The following script updates the target using the update directory created above:

#!/bin/sh

# File: applyupdate
# Parameter $1: absolute path of dir containing patches and updates
# Parameter $2: old uClibc version
# Parameter $3: new uClibc version

# Patch /etc
patch -p1 < $1/etc.diff

# Copy BusyBox and TinyLogin
cp $1/busybox $1/tinylogin /bin/

# Copy updated uClibc components
cp $1/*$3* /lib

# Update uClibc symbolic links
ln -sf libuClibc-$3.so /lib/libc.so.0
for file in ld-uClibc libcrypt libdl libm libpthread libresolv libutil
do
ln -sf $file-$3.so /lib/$file.so.0
done

# Remove old uClibc components
rm -rf /lib/*$2*

This script is a little longer than the script used to create the update. The added complexity is due to the care taken in replacing the C library components. Notice that we use ln -sf instead of deleting the links and then using ln -s. This is very important because deleting the links outright would render the system unusable. You would then have to shut down the target and reprogram its storage device using the appropriate means.

To run the script, copy the rootfsupdate directory to your target's /tmp directory and run the script:

# applyupdate /tmp/rootfsupdate 0.9.13 0.9.14

You can run the update script on your host to test it before using it on your actual target. Here are the steps involved:

From the ${PRJROOT} directory, copy the old root filesystem (possibly oldrootfs) to tmp.
Modify the script to remove absolute references to /. Replace, for example, references to /etc with references to etc.
Run the script on the copied filesystem.
Verify manually that everything has been updated adequately.
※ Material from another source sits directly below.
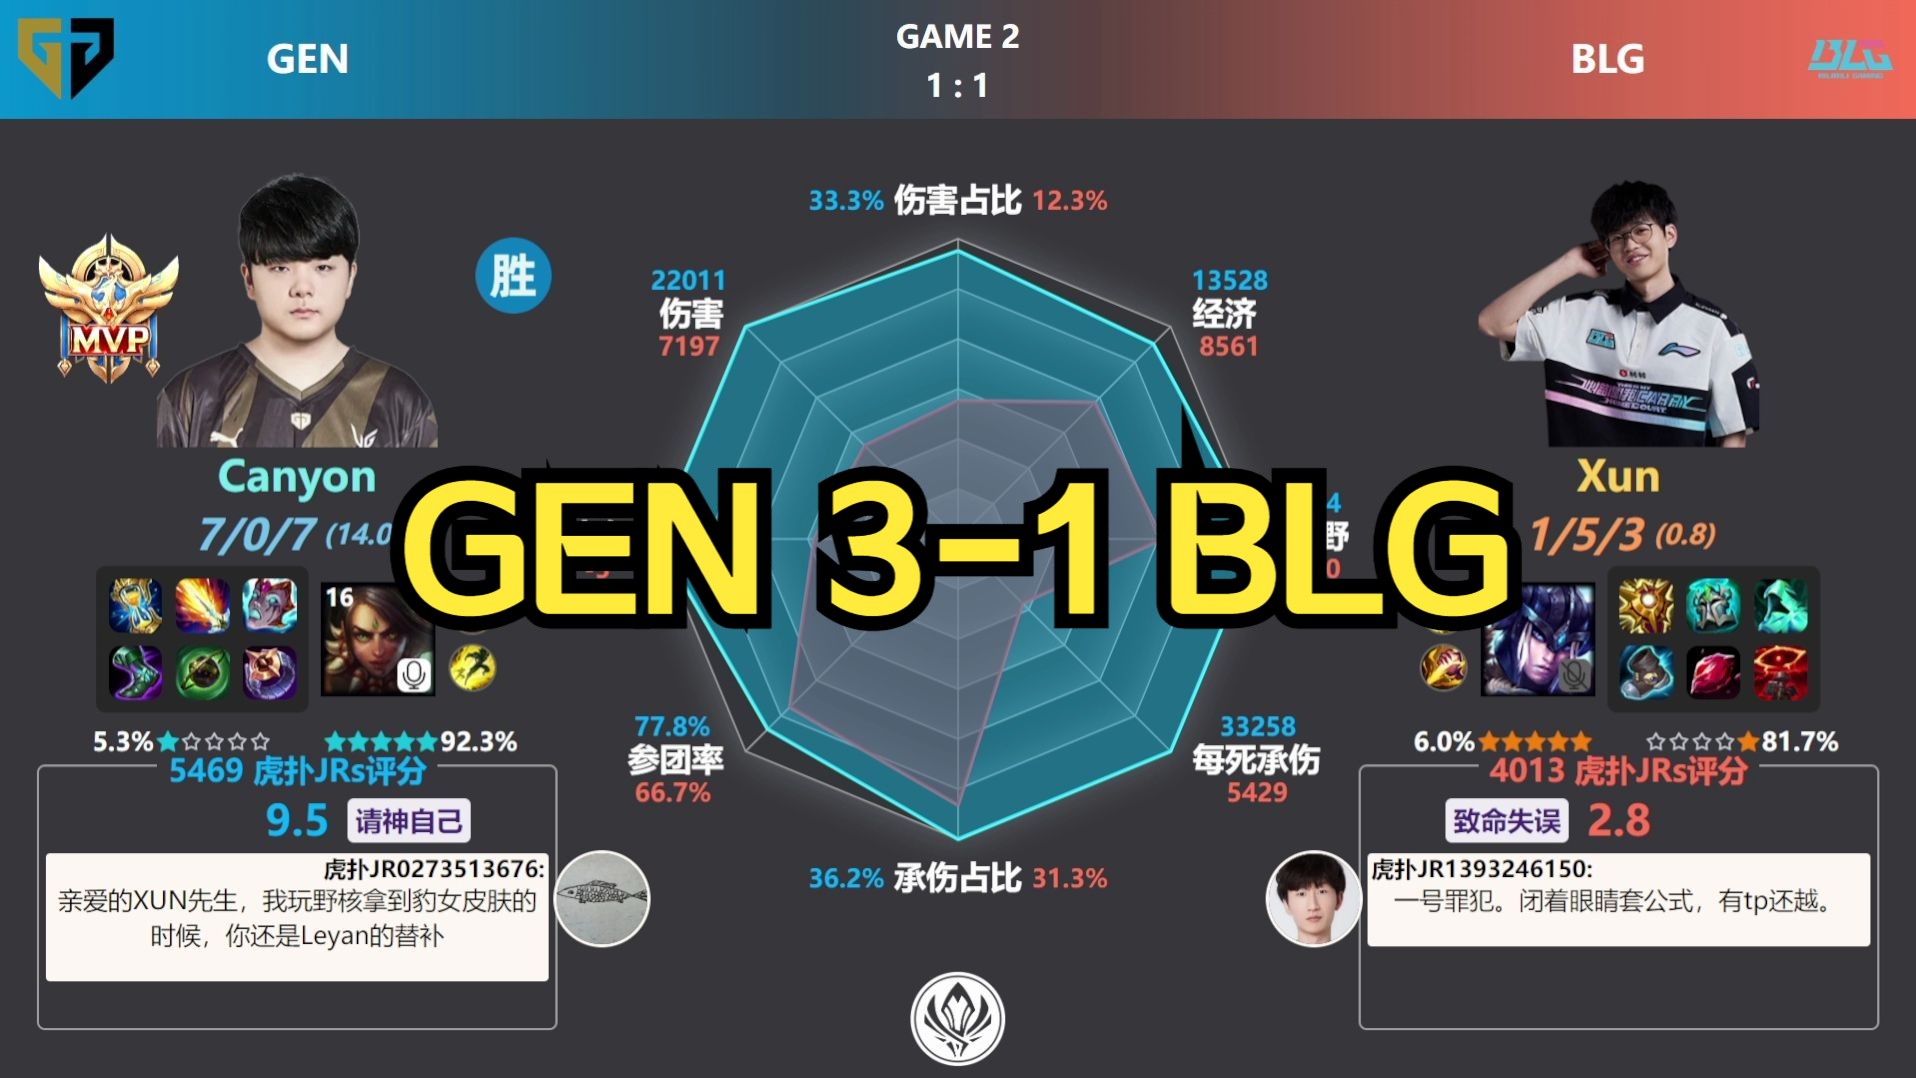 GEN 3-1 BLG 虎扑现状+赛后数据雷达图 | MSI胜者组决赛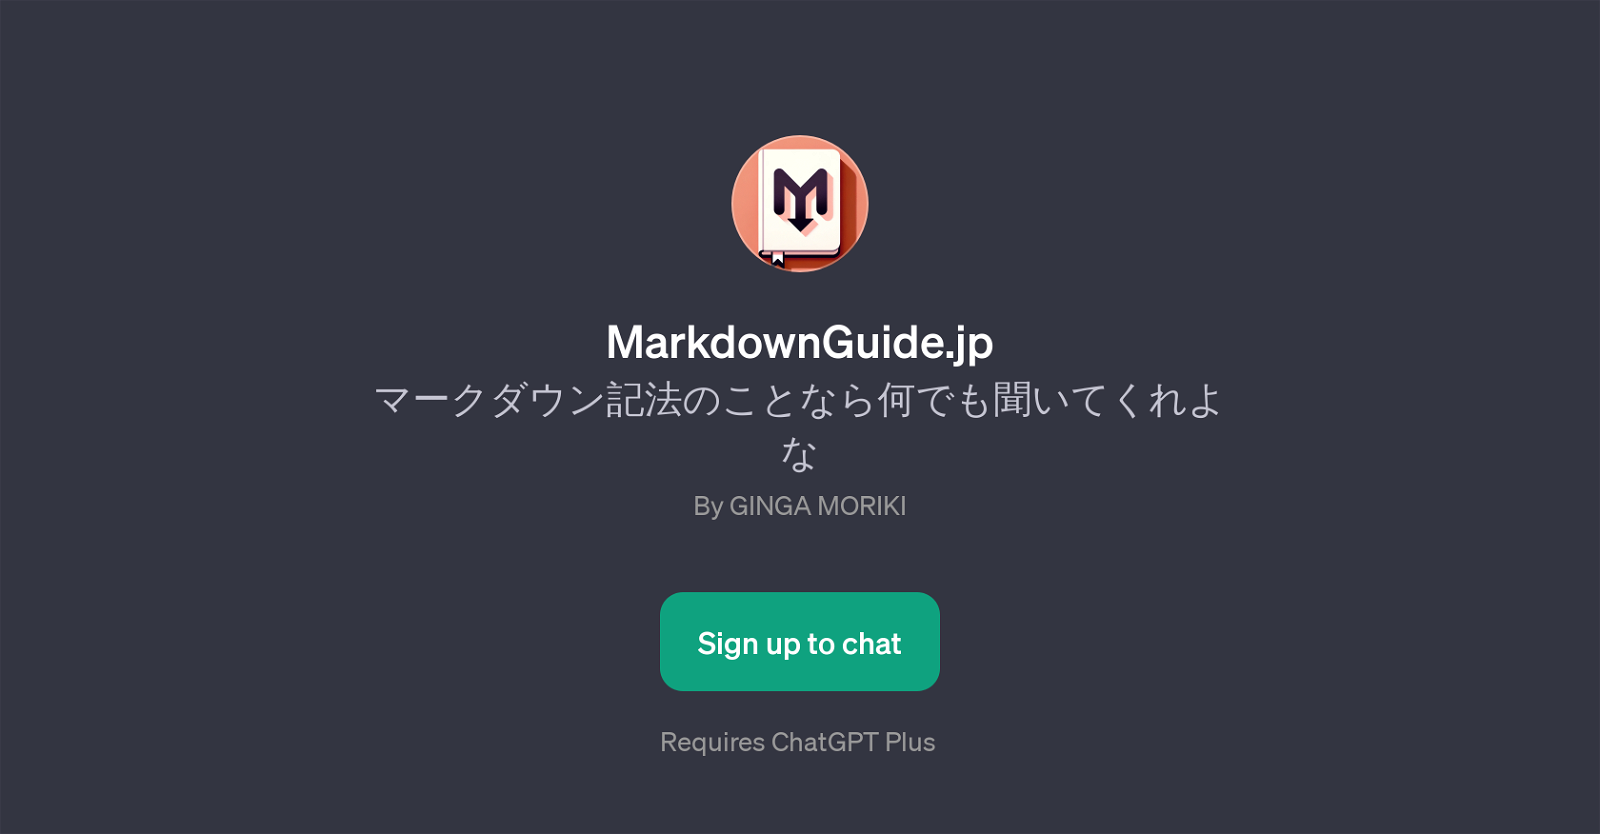 MarkdownGuide.jp website

Copying an Entire Directory Tree Without GNU cp

When building an embedded Linux system, you will often need to copy entire directories from one location to another as efficiently as possible while keeping files, directories, and symbolic links intact. I have already done this a few times in the course of my earlier explanations and have repeatedly used the cp -a command to accomplish this. Although the -a option has been part of GNU cp for some time, it may not be installed on your system if you are not using Linux. If, for some reason, GNU cp is not available on your system, you can still obtain the same result as cp -a using a command that is a combination of cd and tar. Let's take a closer look at this command and how it works. This is how the command looks in its generalized form:

$ (cd  SRC_DIR  && tar cf - .) | (cd  DEST_DIR  && tar xvf -)

This command has two parts. The one on the left of the | character changes directories to SRC_DIR and initiates a tar in that directory. Specifically, tar is told to create a tar archive of the content of the directory from which it runs and to dump the resulting archive to the standard output. In simple uses of tar for archiving, the command is followed by a greater-than sign (>) and the name of either a tape device or a disk file. Here we aren't actually saving the output; we're just using tar as a convenient way to put the files into a stream and put it elsewhere.

On Unix command shells, the | is used to create a pipe between the output of the command on the left and the input of the command on the right. Hence, the archive dumped on the standard output by the command on the left is fed as the standard input for the command on the right. In turn, the command on the right of | changes to the DEST_DIR and initiates a tar in that directory. Contrary to the first tar, this one extracts the content found on its standard input into the directory from which it is executed.

The net effect of this command is that the files and directories found in the SRC_DIR directory are copied as-is to the DEST_DIR directory. The content of DEST_DIR is thereafter identical to that of SRC_DIR.

Though this command is of little use if your system already has GNU cp, you may find it helpful on systems that don't have GNU cp. If you are using a standard Linux workstation or server distribution, cp -a remains the better option for copying entire directory trees.